JOSEPH WALSH: He didn’t film the ending I wrote. In the beginning of this movie, Tommy Thompson, Bob’s longtime friend and assistant director, told me that Bob had this kind of strange idiosyncrasy. When his movies got close to the end he had a tendency to rush them to get them over. That’s what happened.
Dinner in Las Vegas in 1974: from left, Bob Eggenweiler, Kathryn, Bob, Leon Ericksen, Tommy Thompson, and Joey Walsh
They’re talking to each other at the end and Elliott finally says, “You’re going home? Oh yeah, where the fuck do you live?” I didn’t write that. I’m sitting there and thinking, “What happened to his character?” George Segal stares at him and gets up and says, “Charlie, I got to go,” and walks out. Cut.
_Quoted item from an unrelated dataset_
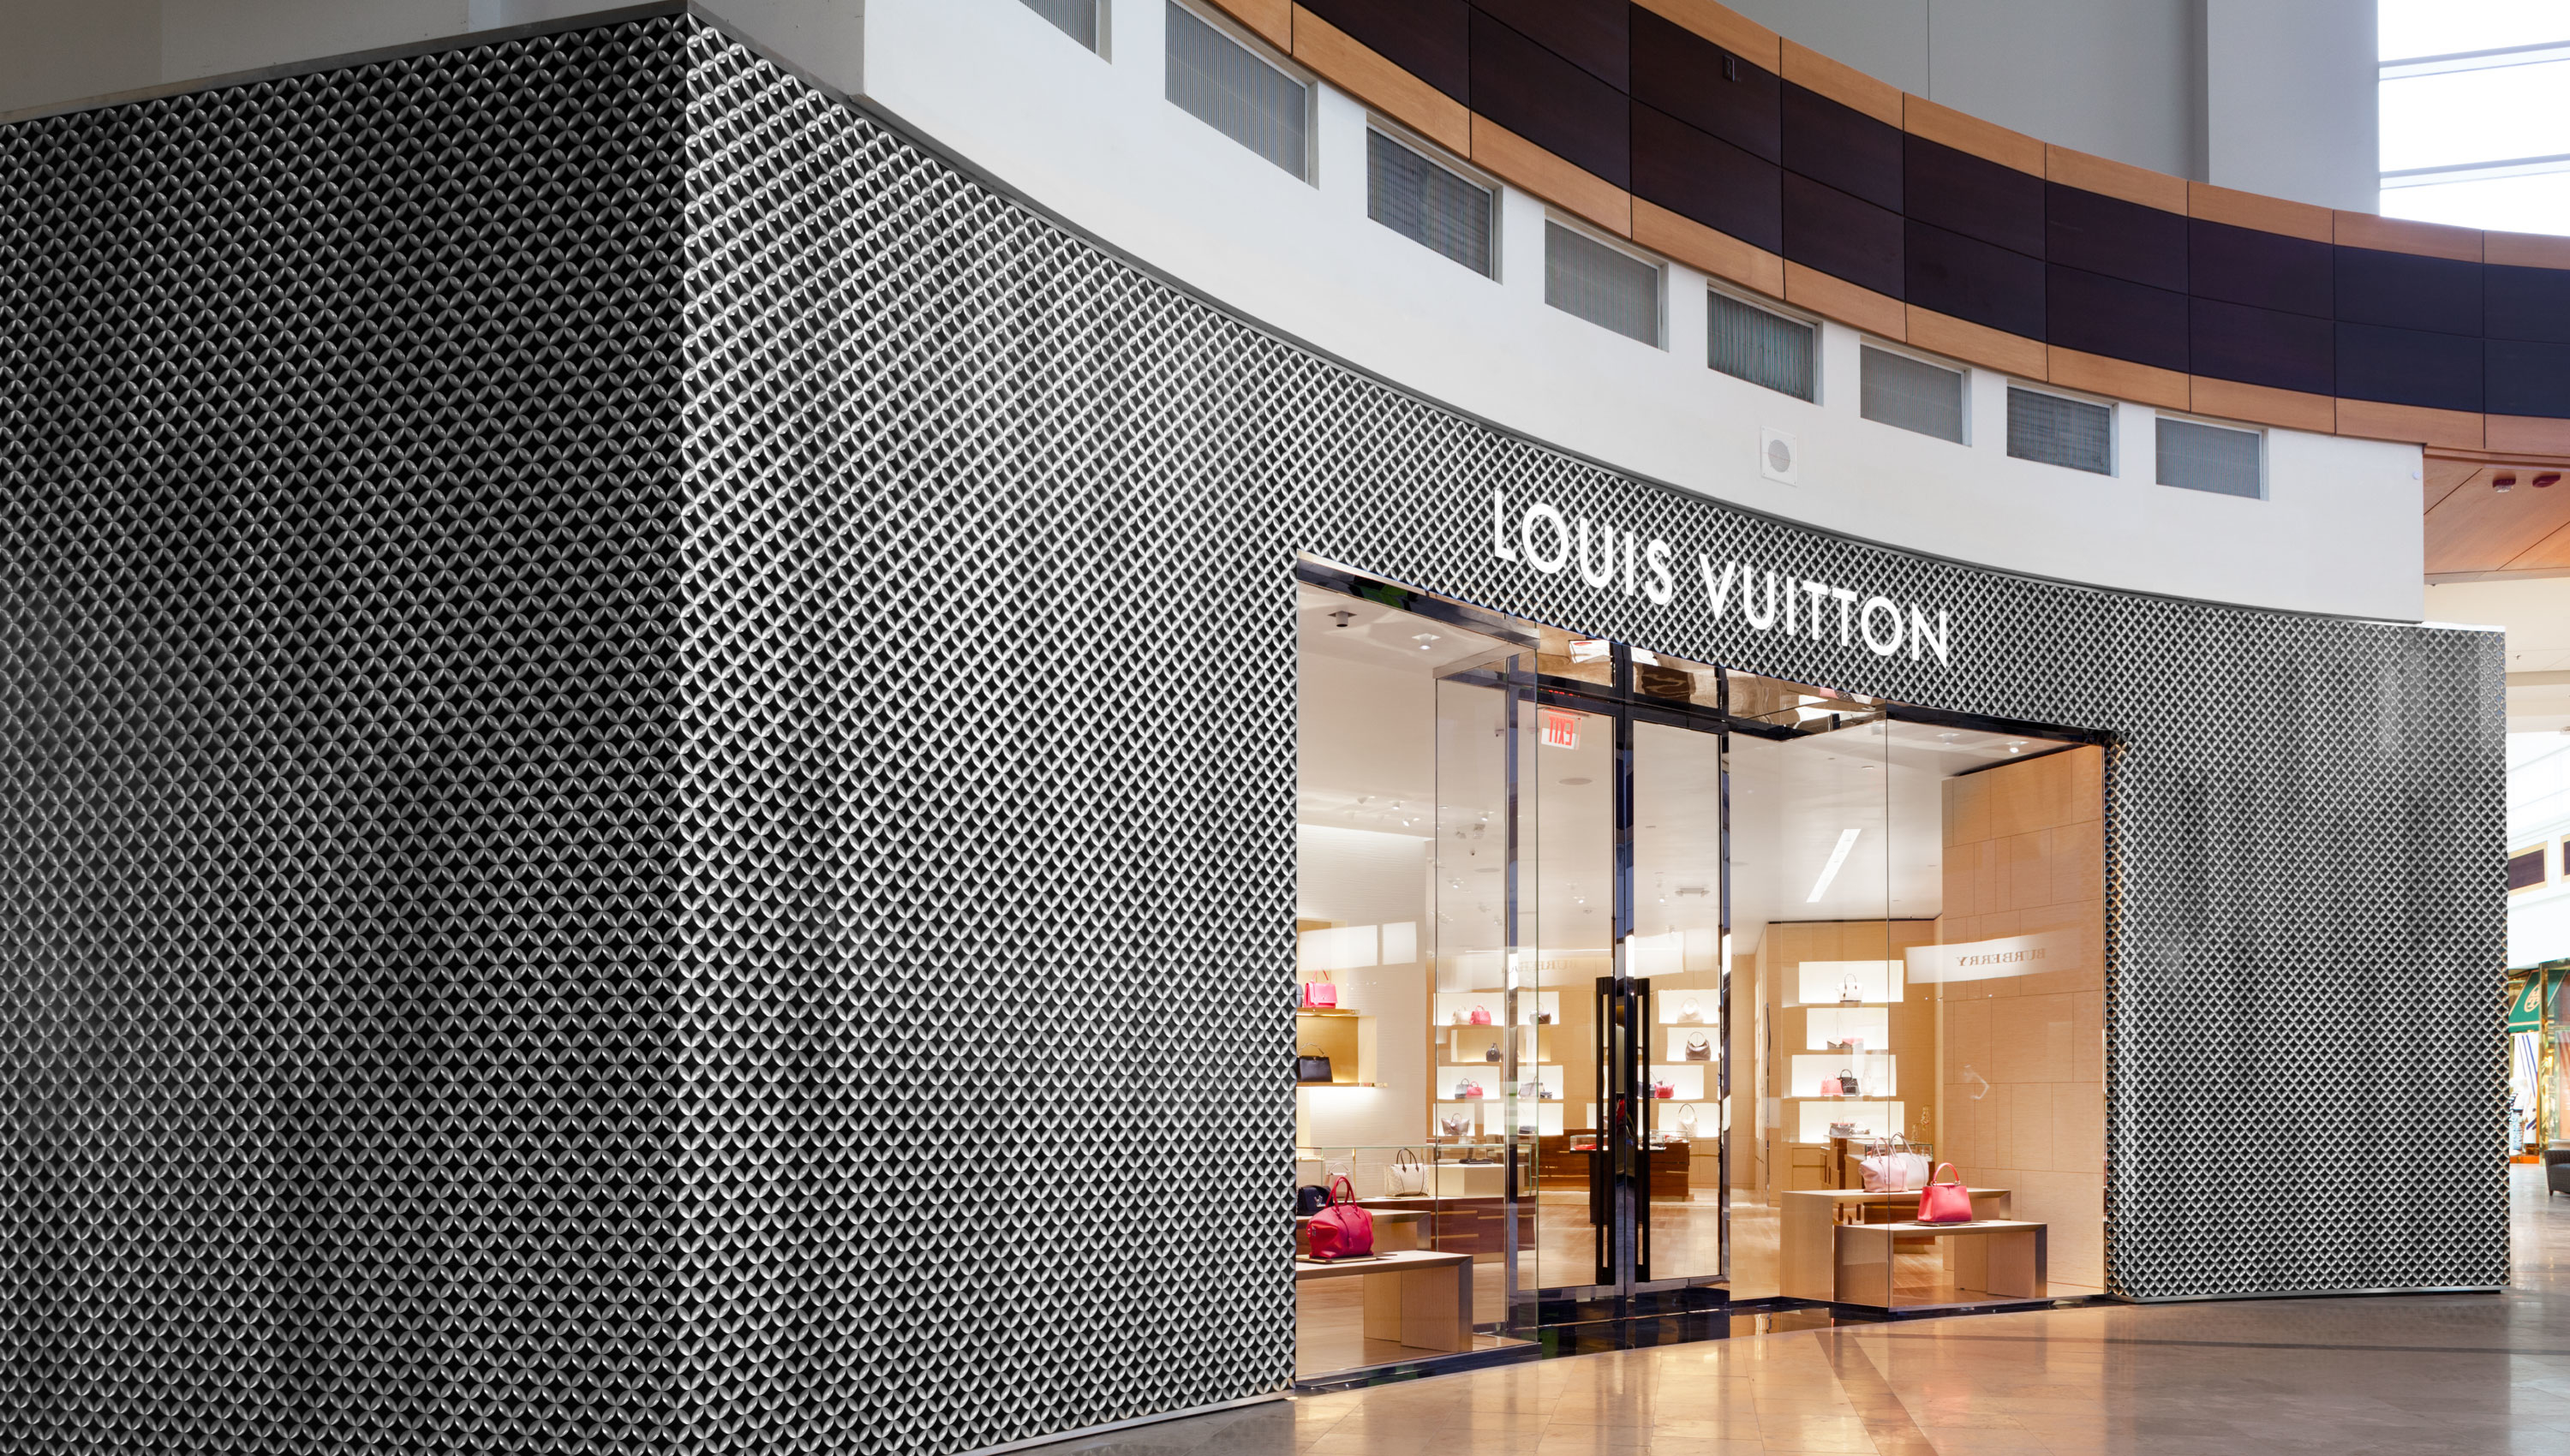 Louis Vuitton Charlotte SouthPark - 4400 Sharon Road, Charlotte, NC | 0

Elliott bolts over to me and says, “I’m sorry. I don’t know where that came from.” George says, “Bob, this is it! You must end this movie right here. I never understood it until now!”
GEORGE SEGAL: That was the point. My character won, but there was no special feeling. Now he gets it.
JOSEPH WALSH: And Bob said, “You’re right. That’s the wrap.”
Not many movies pull the movie out from under you. Audiences didn’t know how to feel about it when they walked out of the theater. Columbia said we cost them ten million dollars right there. Later on, Steven [Spielberg] said to me, “I could have made millions of dollars with the movie.” Steven would have built the climax different than Bob built it. He said, “I would have built it up to the greatest orgasm in town. The foreplay would have been so unbelievable that when the orgasm came the audience would have been on the edge of its seat.” It would have been a totally different movie. Elliott apologizes to me every year for that.
HENRY GIBSON: Joey is still telling that story, seventy years later, about how Bob changed his ending. But see, there’s only one answer to that. “That isn’t what was filmed, Joey. I love you and I know all the processes you went through—selling it, rewriting it, hanging on to it. People wanted to rip it away from you. But that’s not what Bob made, okay?”